11 mesures d’économie sur la formation et l’apprentissage
Commandée par l’ancienne Première ministre Elisabeth Borne à l’inspection générale des finances et à l’inspection générale des affaires sociales, cette « Revue des dépenses publiques d’apprentissage et de formation professionnelle » a été remise en mars 2024 aux services de l’État. Finalement communiquée au public le 4 septembre 2024, elle identifie 11 pistes de réduction des dépenses.

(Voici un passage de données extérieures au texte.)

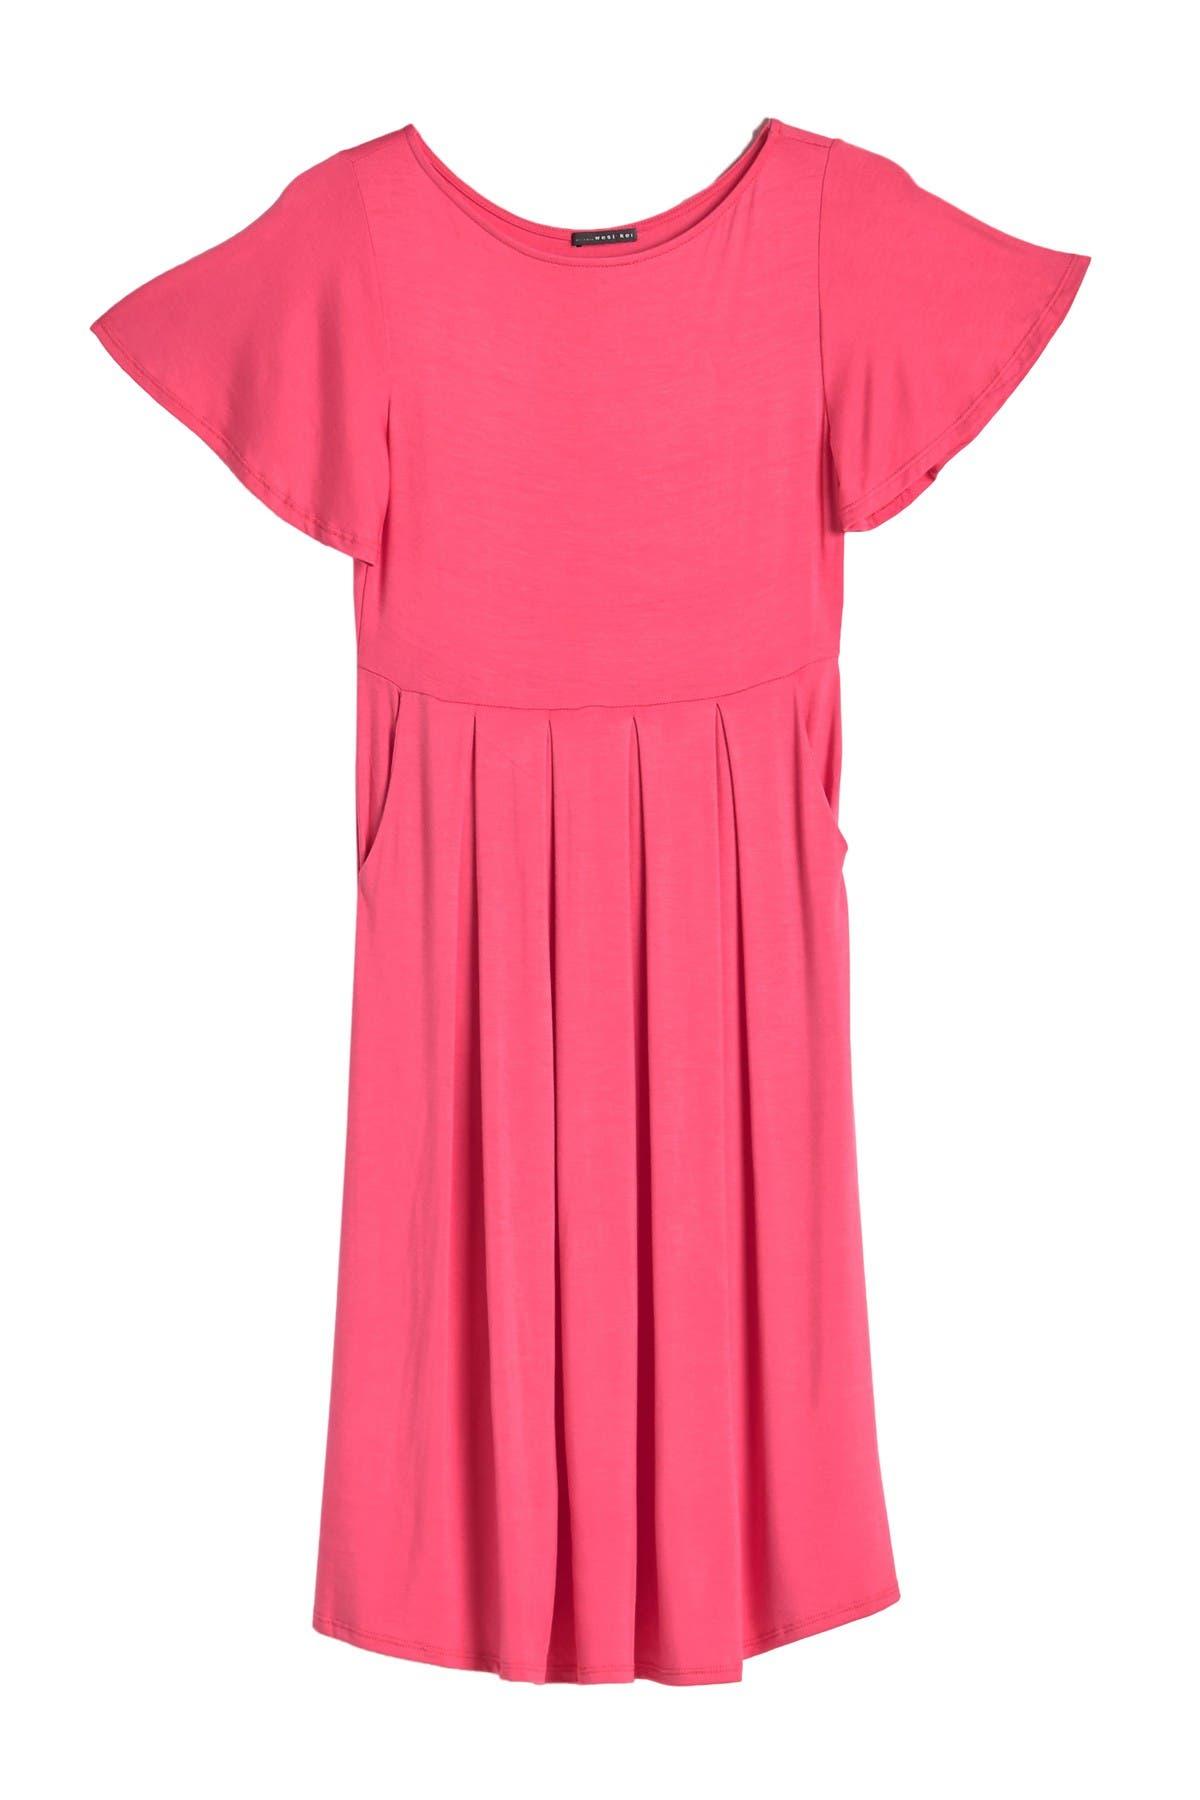 Image of WEST KEI Flutter Sleeve Pocket Dress

Le champ de l’étude excluait les plans régionaux d’investissement dans les compétences, le conseil en évolution professionnelle (CEP) et la VAE. L’objectif fixé était d’arriver à un minimum d’1,5 Mds€ d’économies en 2025, « intégrant au plus 20% de mesures de recettes ». Pour l’essentiel, il s’agit donc de couper dans les dépenses. Les 3 principaux suspects sont cités dès l’abord : l’apprentissage, le CPF, et les dispositifs de reconversion. Le rapport identifie 11 mesures.
- 7 mesures portent sur l’apprentissage. Si elles étaient toutes appliquées, l’économie s’élèverait entre 1,9 et 2,5 Mds€.

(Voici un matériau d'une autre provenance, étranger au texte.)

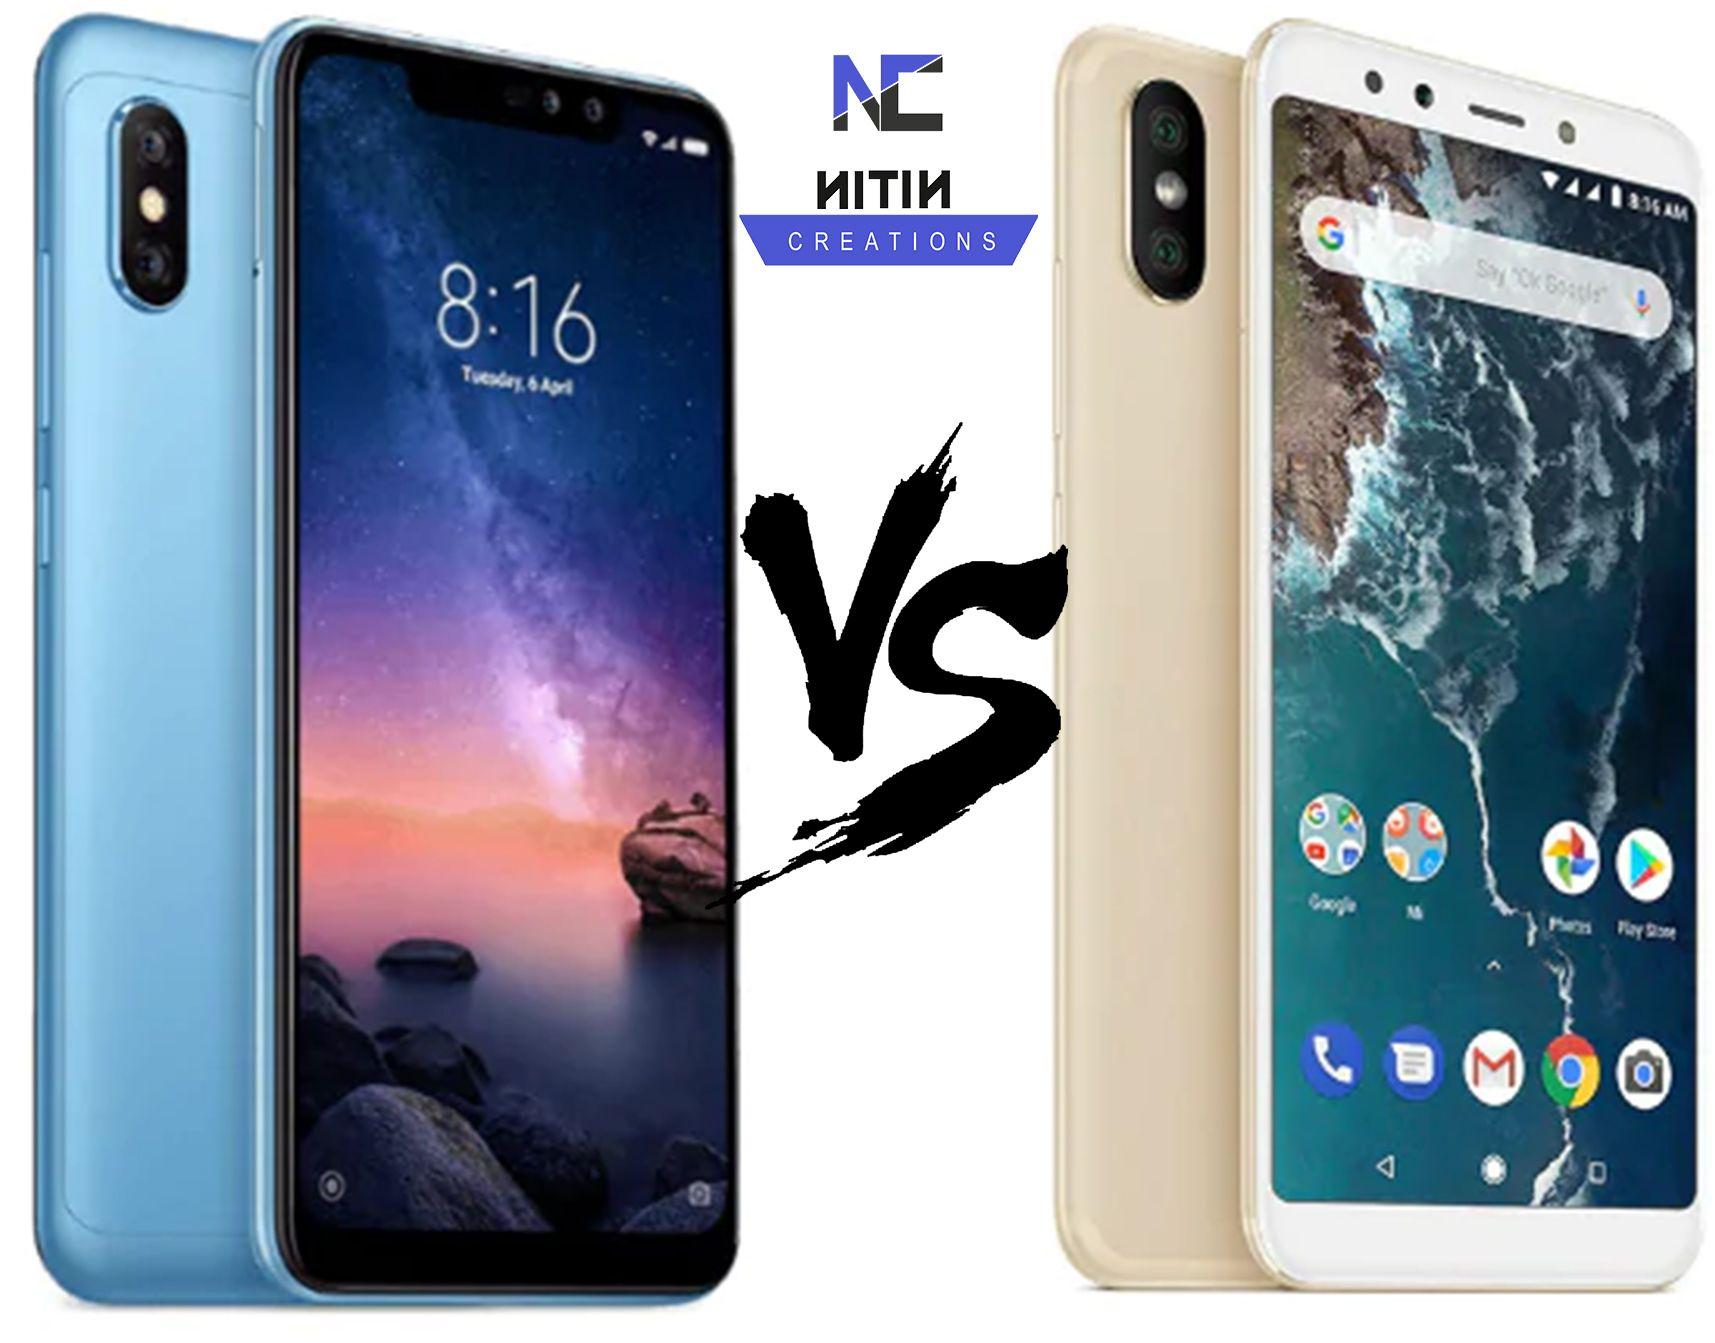 Xiaomi Redmi Note 6 Pro Vs Mi A2 Specifications Price Comparison Xiaomi Mobile Computing Price Comparison

- 1 mesure concerne le CPF, pour une économie estimée autour de 190M€ ; il s’agit cependant d’une mesure déjà mise en place sous une autre forme (le ticket modérateur, ou reste à charge).
- 3 mesures affectent les dispositifs de reconversion, et feraient gagner entre 144M€ et 216M€.
Au total, la dépense publique d’apprentissage et de formation pourrait donc être réduite de 3Mds€ en appliquant toutes les mesures préconisées – soit le double de l’objectif minimum affiché. Le rapport préconise un scénario central qui permettrait de réduire les dépenses de 1,5Mds€ et d’augmenter les recettes de 421 M€ – soit au total 1,921 Mds€ d’économies sur le poste formation et apprentissage.
Réduire la note de l’apprentissage
L’apprentissage est le principal poste de dépense identifié comme pouvant être optimisé. Ce n’est pas une surprise : la hausse de la dépense de formation ces 3 dernières années s’est expliquée essentiellement par les aides à l’embauche d’alternants mises en place initialement dans le cadre du plan de relance post-confinement en 2020. Le rapport cite un chiffre de l’OFCE selon lequel « le coût complet des dispositifs d’apprentissage a été multiplié par 3,4 entre 2018 et 2022 ». On l’évaluait à 14 Mds€ en 2022.
Des coupes sur les aides et les coûts contrat
Restriction de l’aide exceptionnelle : la première « coupe » proposée est donc la suppression de l’aide de 6 000 € aux entreprises de 250 salariés et plus qui embauchent un apprenti, lorsque la formation visée est de niveau bac+3 ou plus. Une telle mesure permettrait d’économiser 554 M€ dès 2025, à comparer aux 4,8 Mds€ que l’aide a coûté en 2022. Une alternative serait de réserver, tous niveaux d’études confondus, les aides aux entreprises de moins de 250 salariés, ce qui économiserait 851 M€.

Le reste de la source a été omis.